What I want to do
Continue to document the establishment of the wetland restoration at the mouth of bayou st john --a delta?
Andy Baker is still trying to come up with a good name--people hear "Bayou St John wetland" and they think about the Cabrini Bridge or Parkway, where the festivals and soccer games are held. "Mouth of Bayou St John" is not a place that our urbanized New Orleanian population can intuitively locate on the map.
"Bayou St John restoration" sounds like we are restoring a river. Which is part of the plan, but this is ancillary to that effort--the channel was dredged to restored the river functions, and we asked, and Andy built, a wetland with the beneficial material.
For this reason, I've had more success calling this place "the fishing spot" or "the make out spot," or "where people have their dogs." Because there is no road close by, policing is minimal--a cop would have to get out of his car.
It's also know locally as near Spanish Fort, among history buffs. Spanish Fort is a mostly unrecognized historic structure nearby, that may be googleable. But that location name is not correct for this site.
Perhaps the Bayou St John Delta? "Delta St John"? "Delta Jean"? the bayou technically flows into New Orleans, so that also feels a bit wrong. "Marsh Jean"? We'll keep trying to name the place.
Anyway, the placed material is constantly moving before Andy and co have been able to plant roots into the sand. Kite and bridge photos can help document what is going on at the site to funders, to donors of in-kind bobcat time, and to volunteer bayou diggers.
My attempt and results
The wind is curious at this site. Despite being ever available, it seems ever gentle. I flew the east side with the little bear, I flew the west side, and i flew off the bridge in order to get the right angle, and full coverage of the built wetland. I flew a soda bottle rig, and did not get very much altitude.
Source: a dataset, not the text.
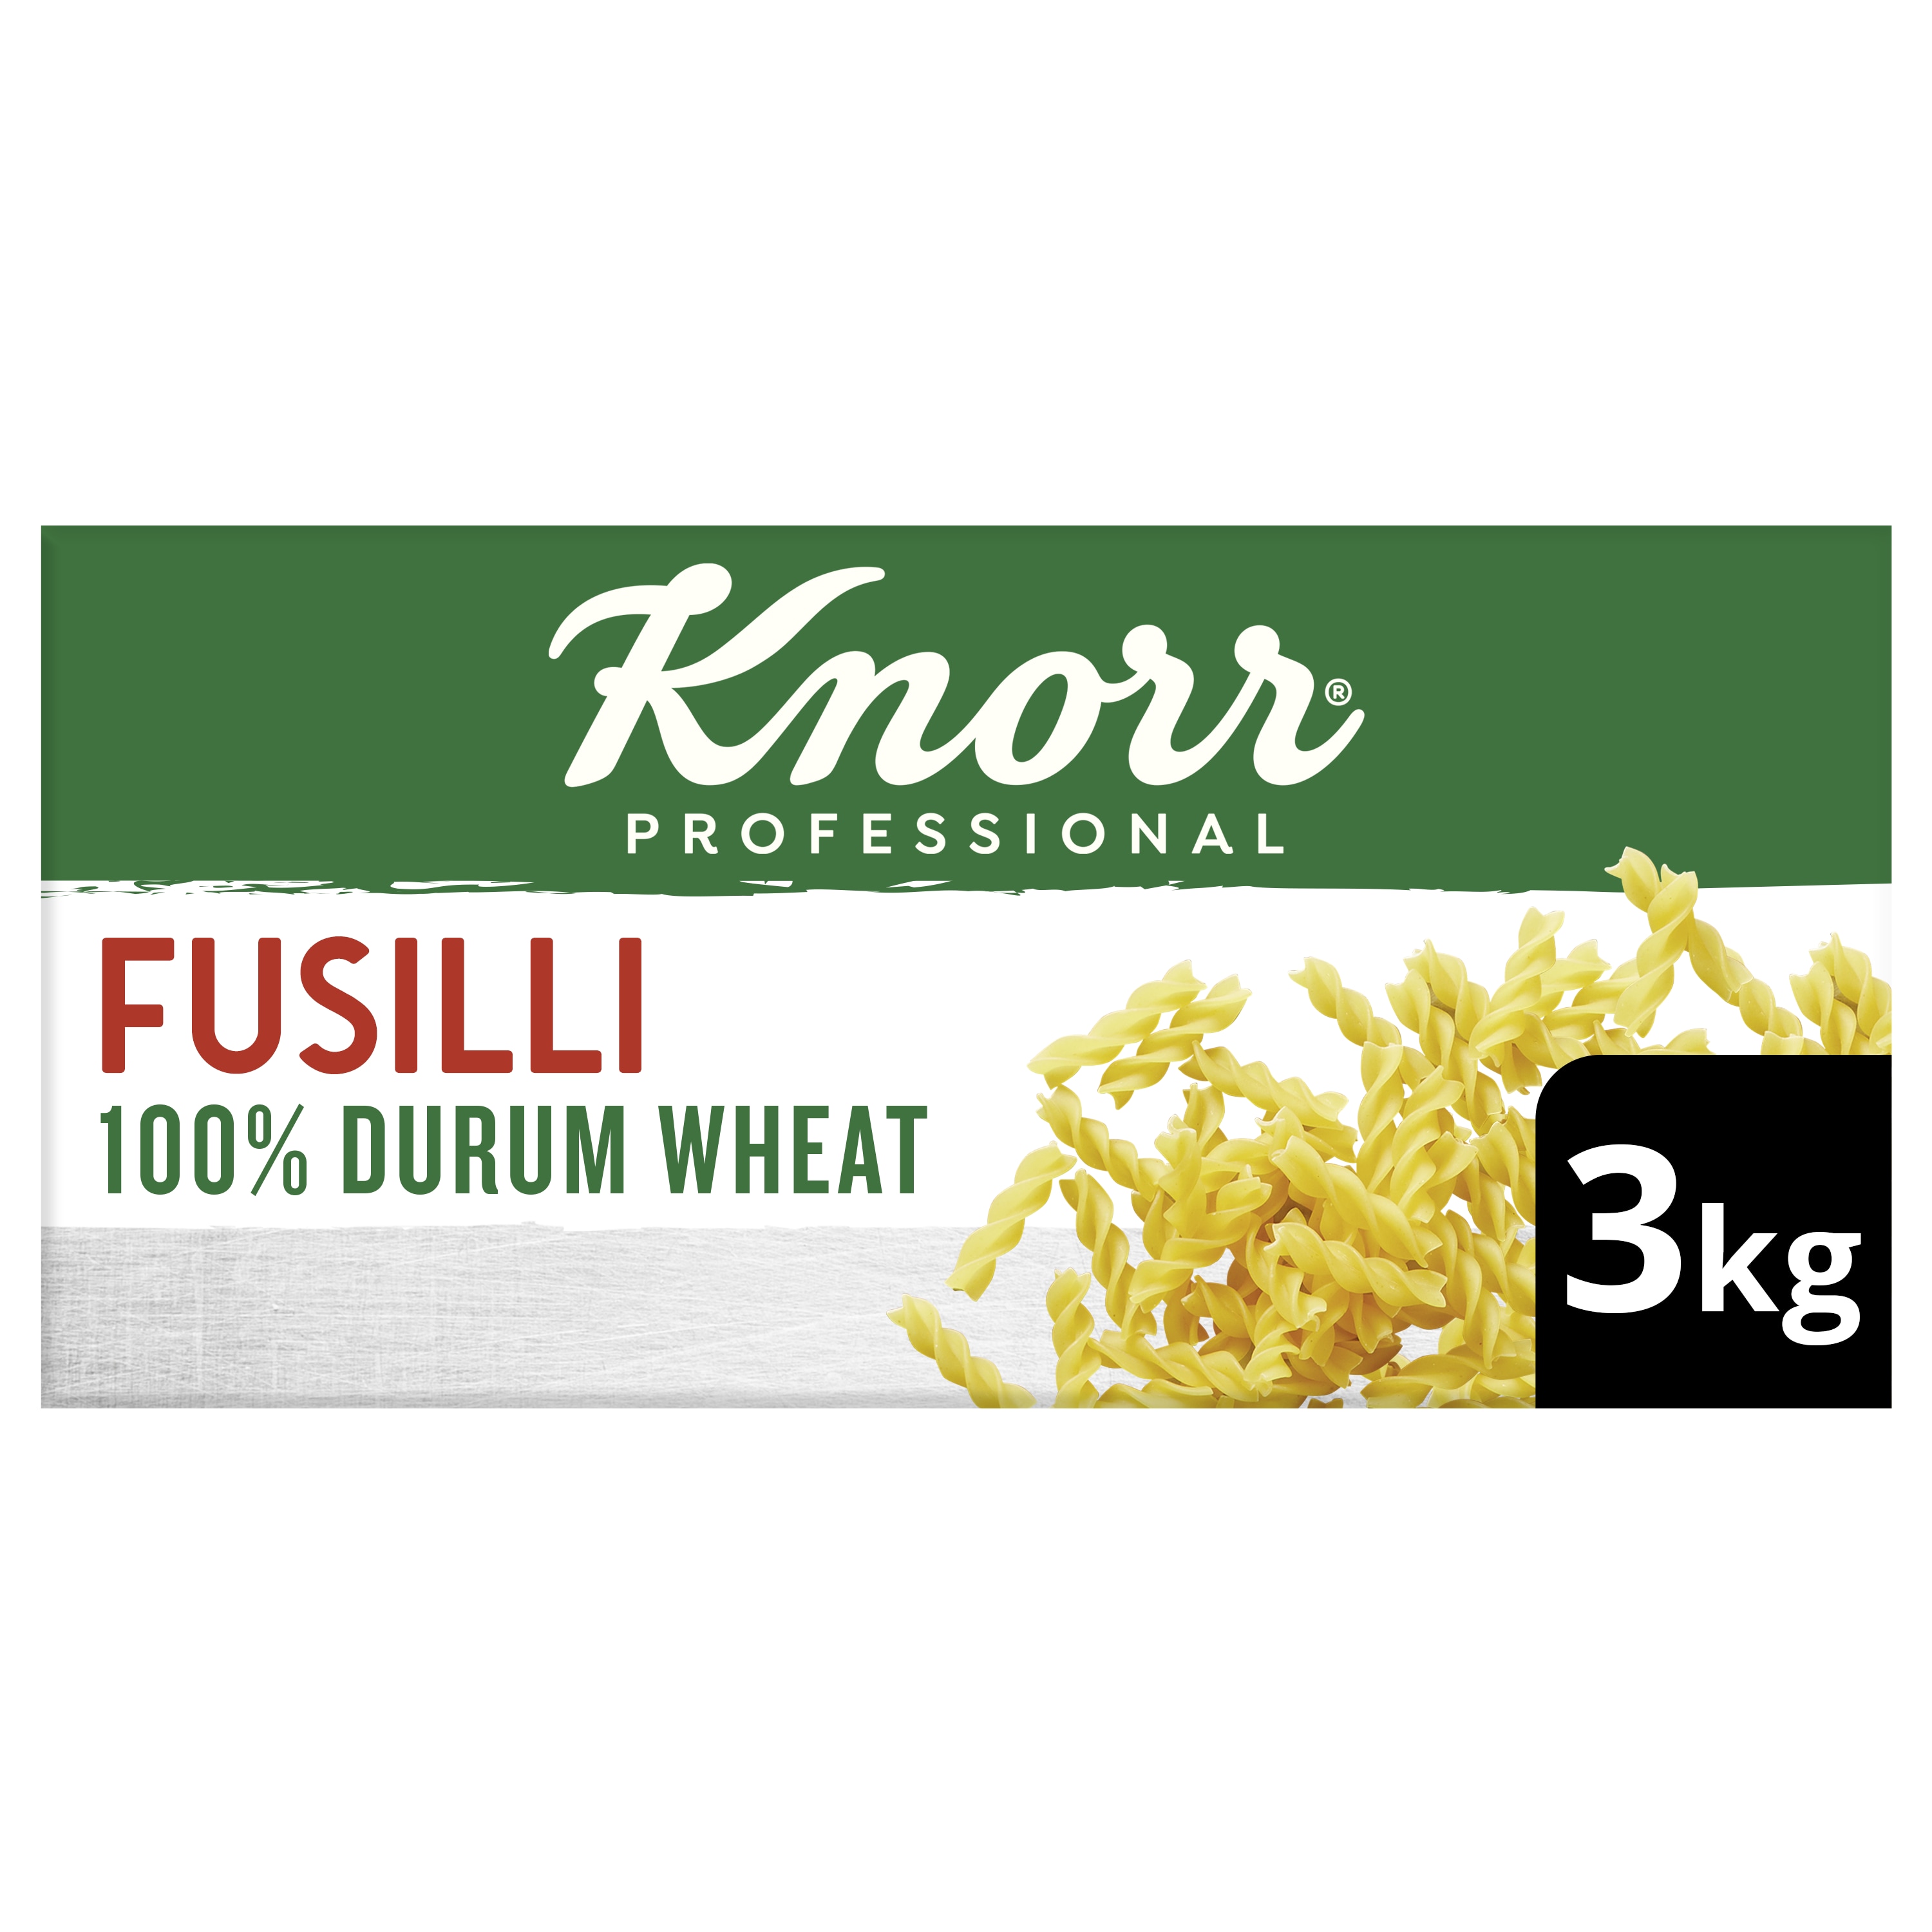 Knorr Professional Italiana Fusilli 3kg - 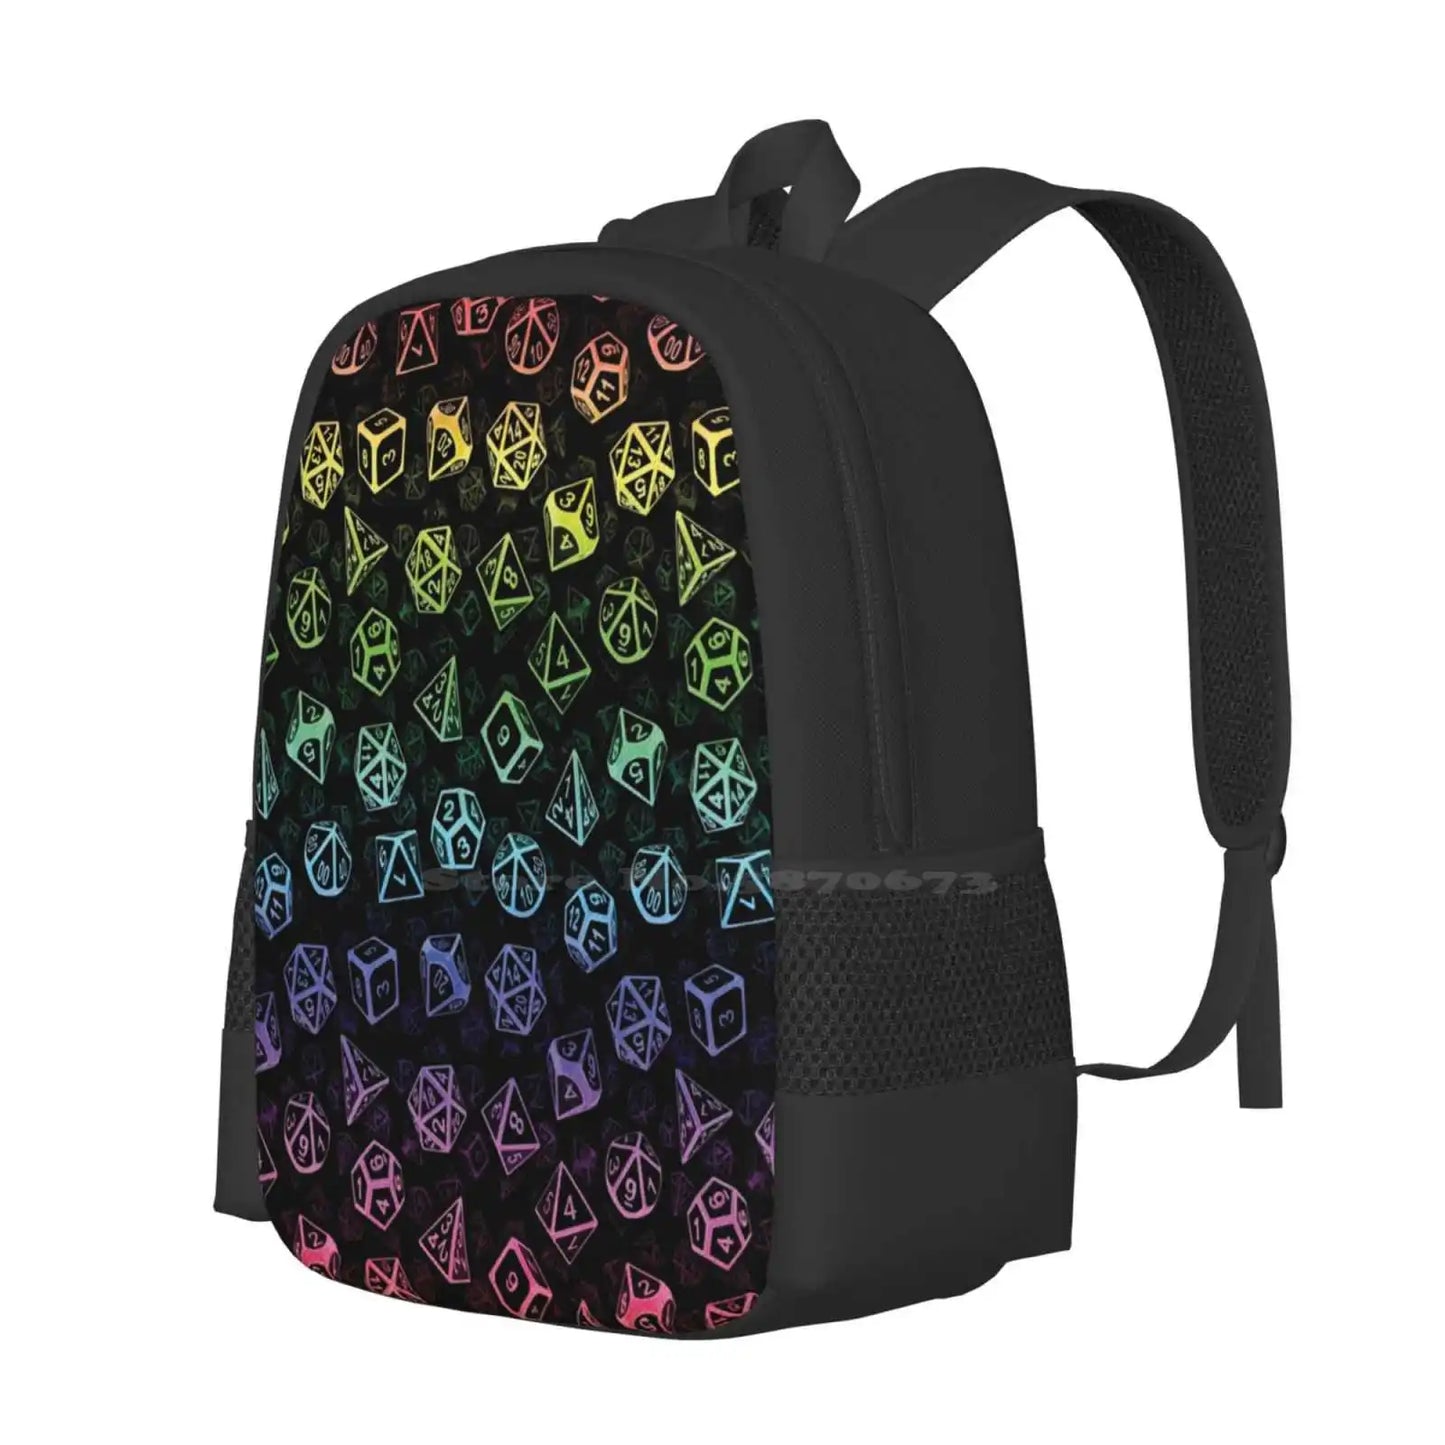 D20 Dice Set Pattern ( Rainbow ) Pattern Design Bagpack School Bags D20 Dnd And Dragons Pathfiner Starfinder Dice Set Nerd Geek

But the bridge provided a valuable perspective by itself. A walk over the bridge could be included as part of our wetland education efforts.
Here you see the migration of shells into the formerly deep channel, which makes the recently installed signage a bit out of place. This photo came from the bridge.
Questions and next steps
Andy Baker "Thank you Scott! Your photos are an amazing perspective on our ongoing wetland creation project. On this morning, two hard-core volunteers and I hand dug the channel at the upper left. It's the first of 3 on that side, and will provide hydrologic connection with the new lagoon to increase habitat function."
Channels will continue to be dug, and plant will grow throughout this year. the planting schedule is below:
"We are gearing up for lots of volunteer digging and planting throughout March. We'll plant at least 10 species of grasses, sedges and rushes to stabilize the new wetlands before hurricane season.
Spring 2014 Volunteer Days for Bayou Saint John Marsh
Sat 2/15 9 to 1 Digging and cleanup
Sat 3/8 9 to 1 Digging and planting
Sat 3/15 9 to 1 Digging and site prep
Sun 3/16 1 to 5 Site prep, cleanup and crawfish boil
Sat 3/22 9 to 1 planting
Sat 3/29 9 to 1 planting and cleanup
Looking for volunteer groups in these windows:
Tue 2/11 to Sat 2/15
Tue 2/18 to Thu 2/20
Thu 3/6 to Sat 3/8
Wed 3/12 to Sun 3/16
Tue 3/25 to Thu 3/27
Contact saintjohnwetland AT gmail.com for more information or to sign up.
Wetland Biologist, LPBF"
Carto Collective: in mapknitter: not done
Why I'm interested
This is a site that has tremendous ecological value but could have much more. It is a perfect opportunity to engage the lakegoing public about the value of Louisiana wetlands.